Basically mardi gras will tell them. if they have a normal amount of tourists then no its acceptable. If not then maybe they have to show a bit more concern around the possibility.
It's an area with extremely high pedestrian traffic and cars. Regardless of what just happened, traffic barriers are a really good idea. Accidents happen.
They put bollards in front of shopping malls and I doubt it's because they are trying to stop Blues Brothers re-enactors.
Even if people stop doing vehicular attacks (which they won't, see the Christmas market one in Germany and countless other ones globally), it's a good investment in safety to have a hard barrier between people and cars for normal 'accidents' as well.
You're intentionally misunderstanding the situation. Heavy duty bollards are expensive. They don't want to pay, because they don't give a fuck. And your observation on rarity is backwards. Copycat killers exist. It worked once, why not do it again, they will accurately think.
You're intentionally misunderstanding the situation. Heavy duty bollards are expensive.
Are we reading the same article?
The report outlined three different crash-rating standards for bollard systems. It concluded that the highest crash rating, which could withstand impacts from 15,000-pound vehicles traveling between 30 to 50 mph, was “not compatible” with the city’s needs to move the bollards every day.
“Specialized lifting equipment like a truck-mounted crane or heavy machinery would be necessary” to move such bollards daily, the report said.
They don't want to pay, because they don't give a fuck.
The funding comes from the state. The administration comes from the state. The last set the state funded in 2017 started failing within 6 months. That is why the replacement project was even happening.
It also took years for the state to fund the replacement.
There has historically been a lot of this type of tension between the state and the city. Despite the [mostly Democrat] city's tax dollars largely funding the rest of the [mostly Republican/other] state, the state loves to cause all sorts of problems for the city.
The bollards, for instance. The state administers the FQMD. The FQMD commissioned them in the first place.
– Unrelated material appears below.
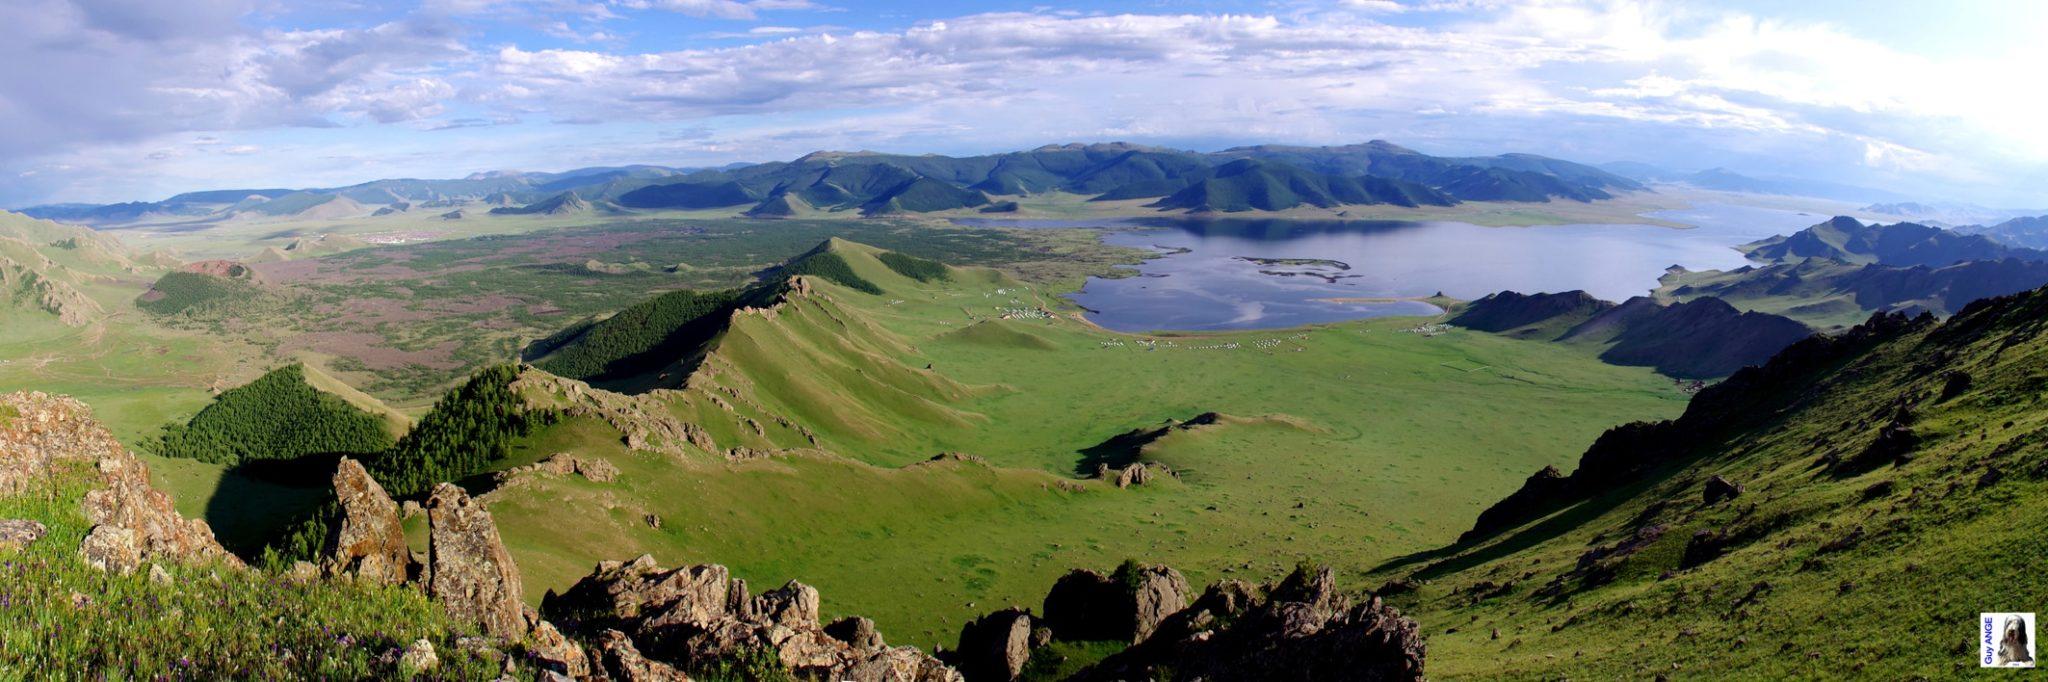 Parc Naturel de Terkhiin Tsagaan Nuur.

“We do not employ personnel that actually do work on a functional basis. We need to partner with the city, and we need a partner with other organizations like NOPD, like the sheriff’s department, like Troop Nola, to accomplish our objectives,” she said. “And so we’ve had discussions about all of these things over the years as it relates to public safety.”
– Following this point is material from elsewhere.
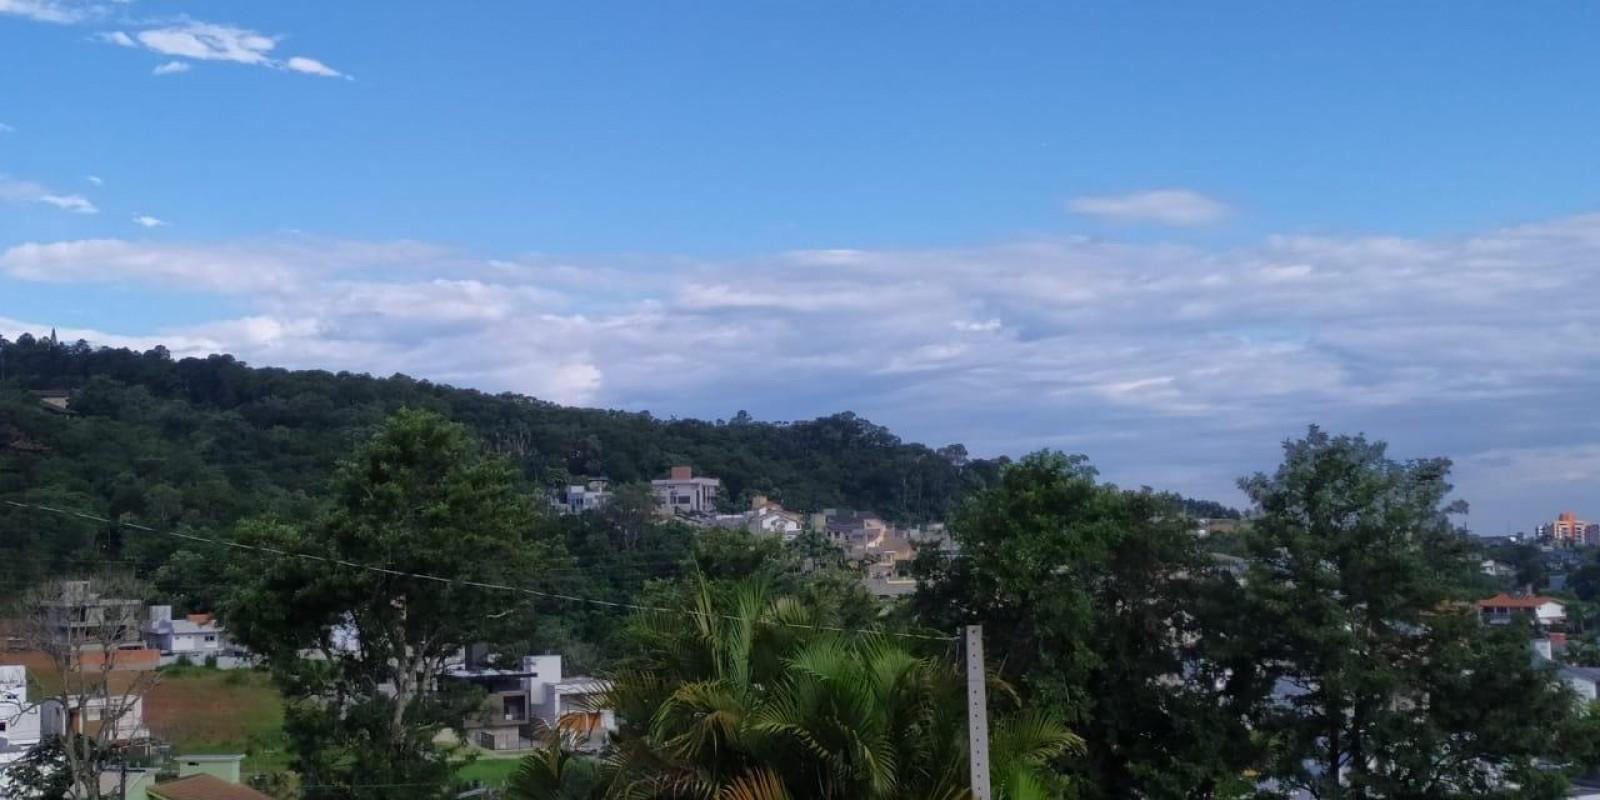 CASA MINA BRASIL - Foto 7 de 7

Will the FQMD ensure that happens?
According to board meeting minutes reviewed by InvestigateTV, there were concerns about the bollard system itself — but also an ongoing staffing struggle over who was locking them into place each night.
In a Jan. 2019 report from the then-chair, state police and homeland security were not positioning and locking Quarter bollards despite requests to, and the city asked if the FQMD would consider taking on that responsibility.
This was met with concerns about liability, with one commissioner saying the bollards were “not a good system.”
Copycat killers exist. It worked once, why not do it again, they will accurately think.
Again, are we reading the same article?
The city currently has no bollards at Canal and Bourbon streets, where the attacker entered, but the roadway was blocked by an SUV police cruiser parked sideways on New Year’s.
Attack suspect Shamsud-Din Jabbar, a U.S. combat veteran from Texas, exploited another vulnerability in the city’s security planning: He squeezed his seven-foot-wide pickup onto an eight-foot-wide sidewalk between a drugstore wall and the police vehicle, stomping the accelerator and plowing through the crowd at about 3:15 a.m.
The police SUV blocking the street was more than sufficient as a replacement for the bollards. But the bollards (and the SUV) only block the street, not the sidewalk. Block the sidewalk too, and you run into ADA issues.